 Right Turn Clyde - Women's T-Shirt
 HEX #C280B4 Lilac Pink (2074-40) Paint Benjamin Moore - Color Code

=====

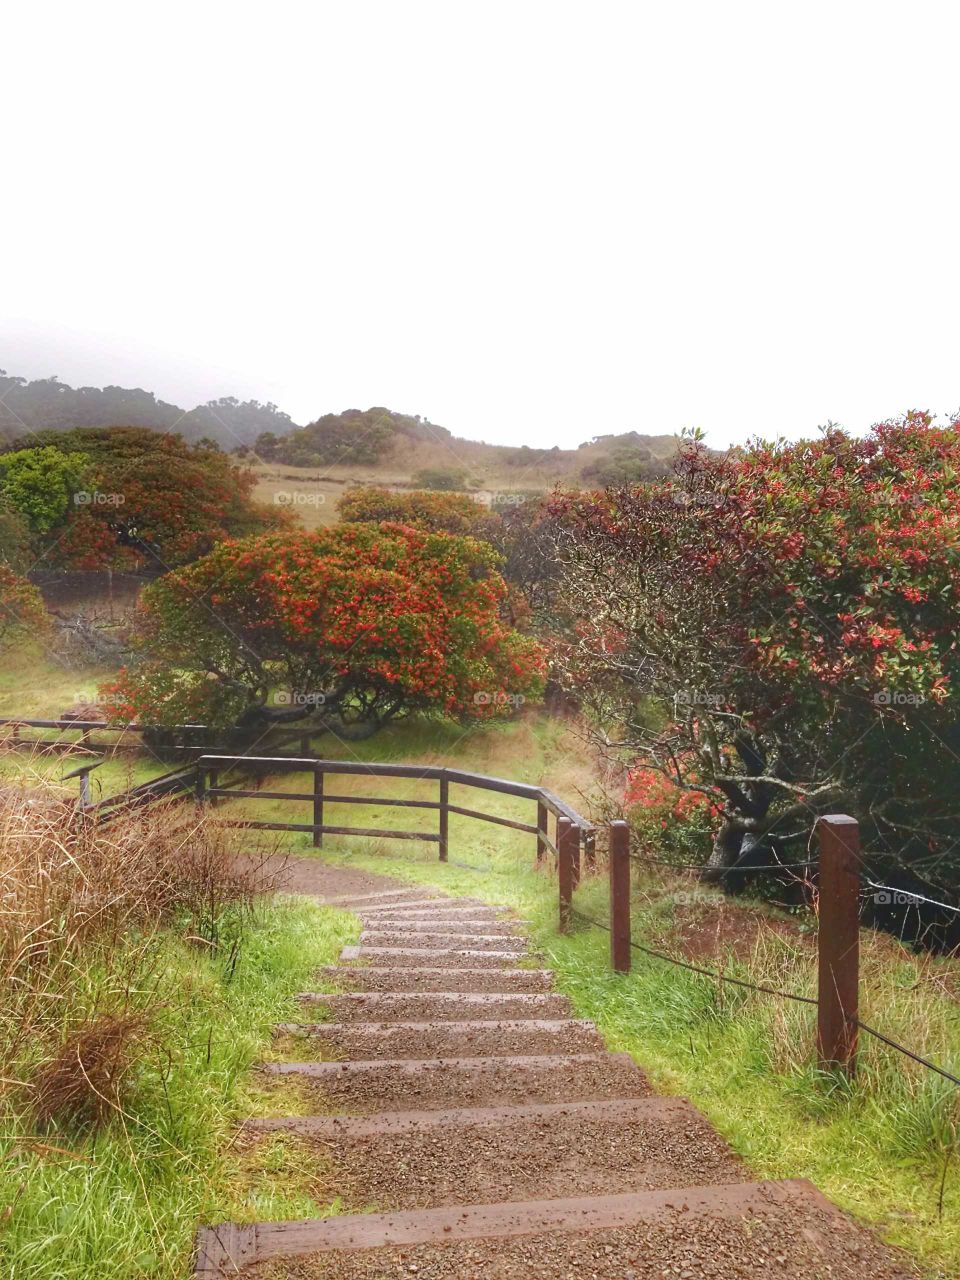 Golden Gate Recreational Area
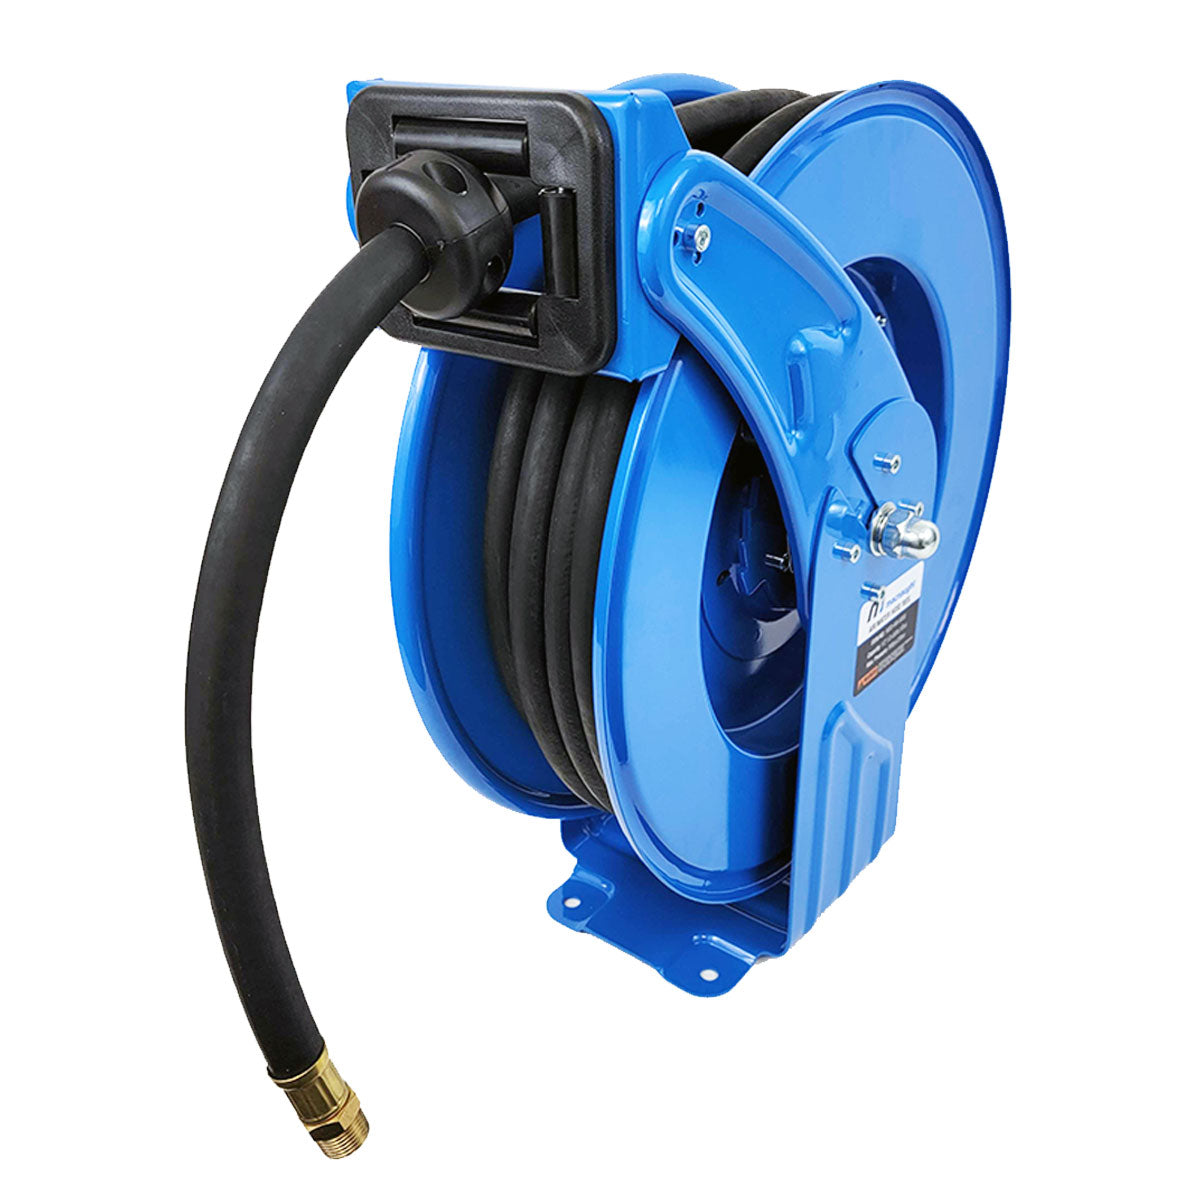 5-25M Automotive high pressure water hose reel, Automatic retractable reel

=====

» **WHAT THE TASK REQUIRES**
Find where the line with "Right Turn Clyde - Women's T-Shirt" sits in the material above, then copy exactly from it through the line with "HEX #C280B4 Lilac". Add no other line.

» **SOLUTION FOR THIS PROBLEM**
 Right Turn Clyde - Women's T-Shirt
 HEX #C280B4 Lilac Pink (2074-40) Paint Benjamin Moore - Color Code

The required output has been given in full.